The country has a 5% share of an annual crude petroleum global export market worth $740 billion and every one of the top fifteen exporting countries has suffered declines in their export values over the last five years.

The top five commodity exports for Nigeria are crude petroleum, petroleum gas, refined petroleum, cocoa beans and rough wood. According to, crude petroleum and petroleum gas contributes 36.9 billion and 7.39 billion dollars respectively to the Nigerian economy annually. Other notable exports are scrap copper, tanned goat hides, cocoa butter, rolled tobacco and rubber.

In 2019, available data indicates that Nigeria shipped US$53.6 billion worth of goods across the globe. That dollar amount reflects a 10.7% increase since 2015 and a 1.3% uptick from 2018 to 2019.

Based on the average exchange rate for 2019, the Nigerian naira depreciated by 59.5% against the US dollar since 2015 and declined by 0.3% from 2018 to 2019. Nigeria’s weaker local currency makes its exports relatively less expensive for international buyers.

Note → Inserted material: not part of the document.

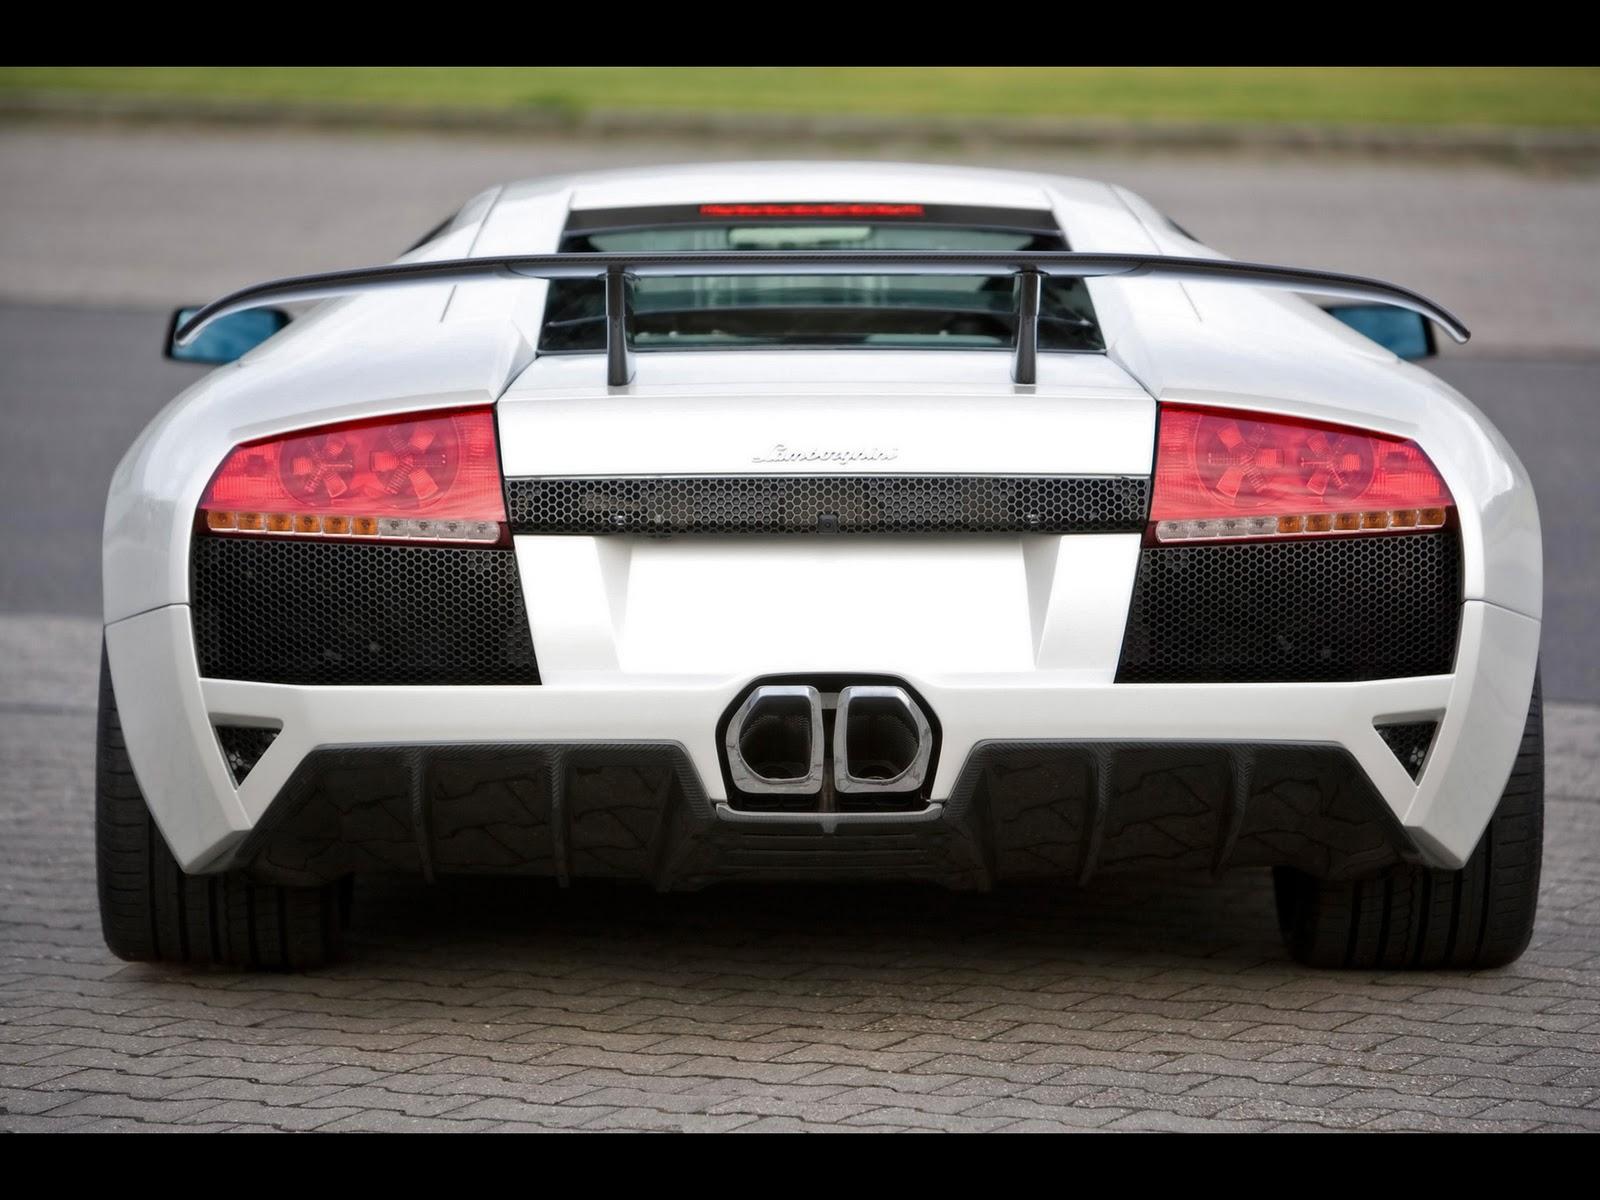 http://1.bp.blogspot.com/_7XKM5uAPfD8/THgkJaH6BkI/AAAAAAAAAG8/VtEnC4dQL7E/s1600/Lamborghini%2BMurcielago%2BGTR.jpg

Majority of exports in 2019, went to India, Spain, Netherlands and Ghana. In the continental level, the distribution is as follows; Europe (39.7%), Asia (28.2%), Africa (20.4%), North America (8%), Latin America excluding Mexico but including the Caribbean (2.7%) then Oceania led by Australia (0.7%).

Inflation has also been on the rise for 11 months running rising from 11.02% in August 2019 to 12.82% in July 2020, running according to NBS. Inflation rose from 12.56% in June to 12.82% in July 2020.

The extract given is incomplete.